The short answer is "yes".  None of the dhcp clients cover every DHCP servers options from what I have read.  I do note that you have changed kernels, but I'm willing to bet you probably could have updated your entire system.  Newer versions of glibc, etc have more of an effect than that does (unless your kernel has bugs surrounding network code).  I was able to get my dhcpc client to work today, but I had to increase the time out and I told the client not to supply a hostname ( -h"" ).  You could try a newer/older version of the dhcpcd client, or as you said, try out one of the other ones.

Haz

----------

## niffs

Well, I tried a couple other clients (udhcpd/pump), which also timed out... I don't think increasing timeout length will have an effect because ifconfig claims I'm not even *transmitting* packets let alone recieving, which is a slightly scary idea. I'm pretty sure it's a fault of the kernel because the system connects perfectly fine with a 2.6.12 kernel and an inability to transmit packets would potentially imply a driver problem... I'm thinking at this point the best option might simply be to stick with the old kernel for a bit longer until everything's been updated a few releases, then emerge -e world, and see if the problem isn't fixed... I'll try downgrading the client and checking into the timeouts / no host name thing, but I get the feeling it won't do much... If that doesn't work, I think I may try building a kernel with config copied *exactly* from the livecd (same version, too), since the livecd boots perfectly, and hope that works...

----------

## niffs

Problem Solved:

Now, no need to call me stupid, i can assure everybody i've just called myself that enough right now...

but apparently "noapic" is some sort of magic kernel option that solves all manner of problems, including my ethernet problems.

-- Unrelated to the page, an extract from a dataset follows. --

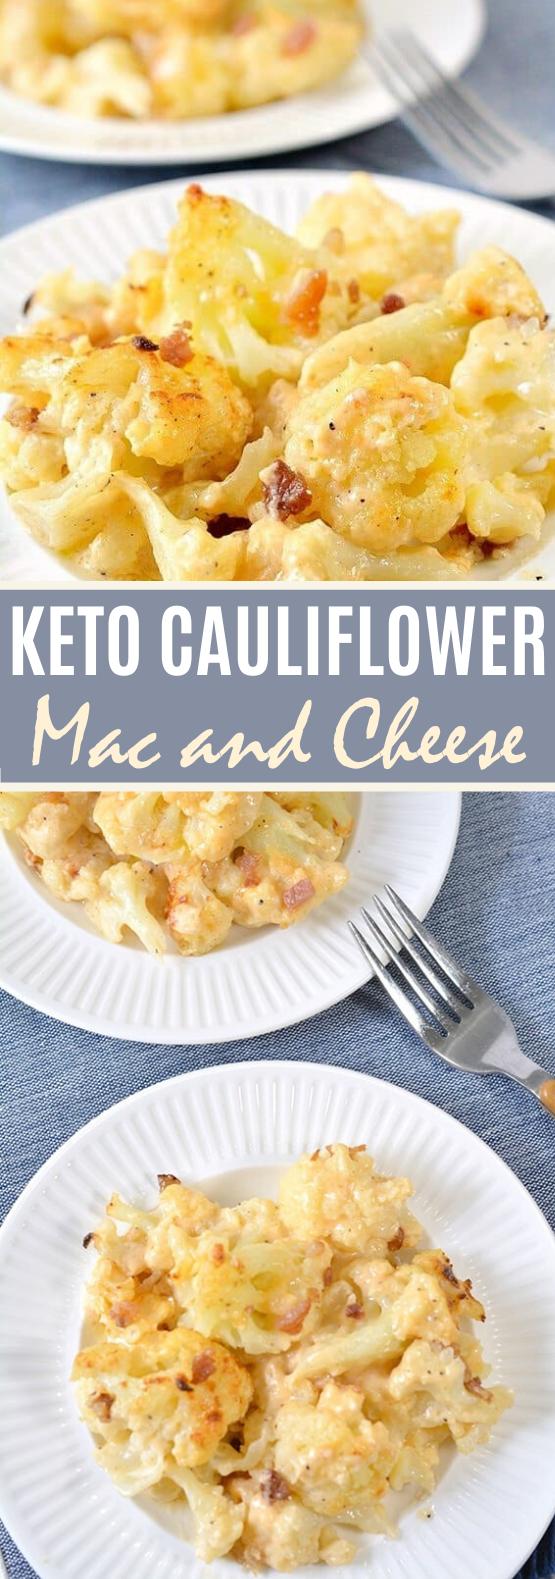 Keto Cauliflower Mac and Cheese #healthy #dinner #lowcarb #diet #vegetarian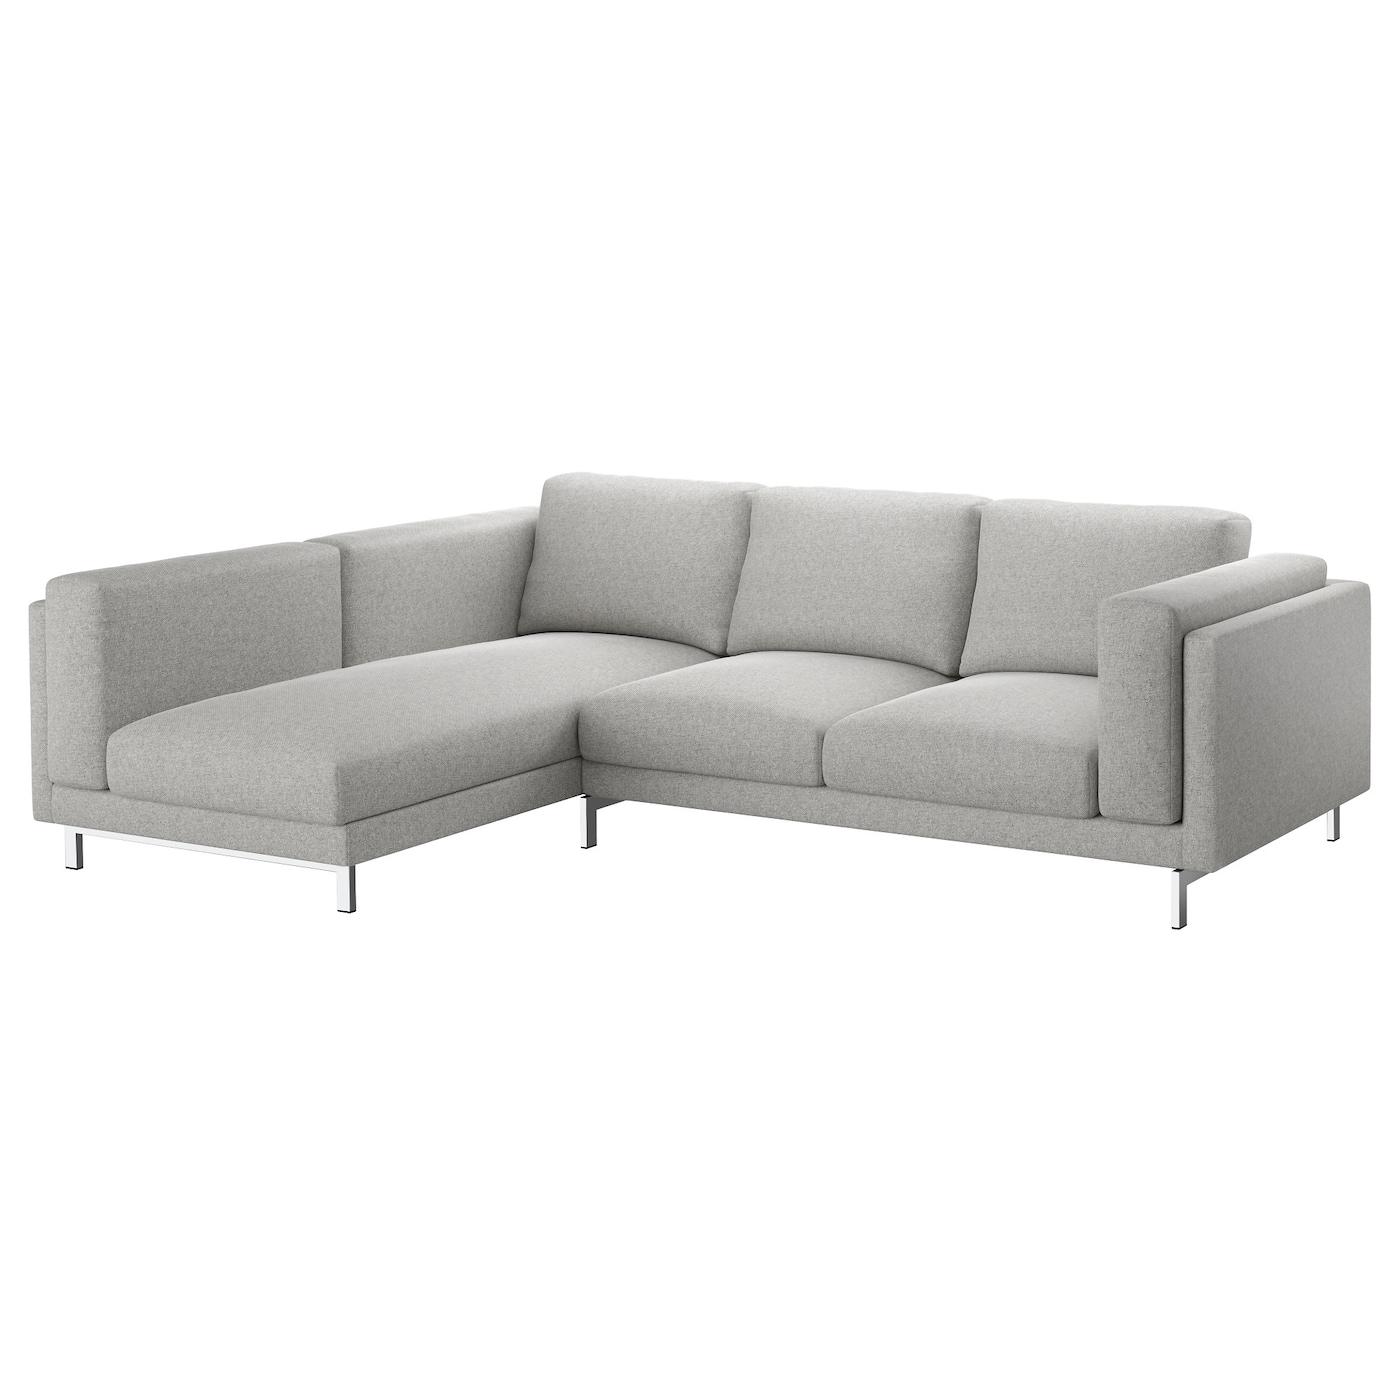 Nockeby 3 Seat Sofa Lejde Dark Grey

So after more than a year of being stuck on an increasingly outdated kernel, losing udev support, and going through multiple ethernet cards to no avail (currently a netlink, but i'd bet the e100 would work now too), it would appear the problem is solved with a simple six letters. Well, thanks for all the help anyway  :Very Happy: 

Now I just have to figure out why my card has decided to be "eth3" instead of "eth0"... ?

----------

## Casshan

Look in 

/etc/udev/rules.d/70-persistent-net.rules

Udev sets a ethX based on MAC Address

----------

## niffs

hah, thanks, i should know these things by now   :Embarassed: 

----------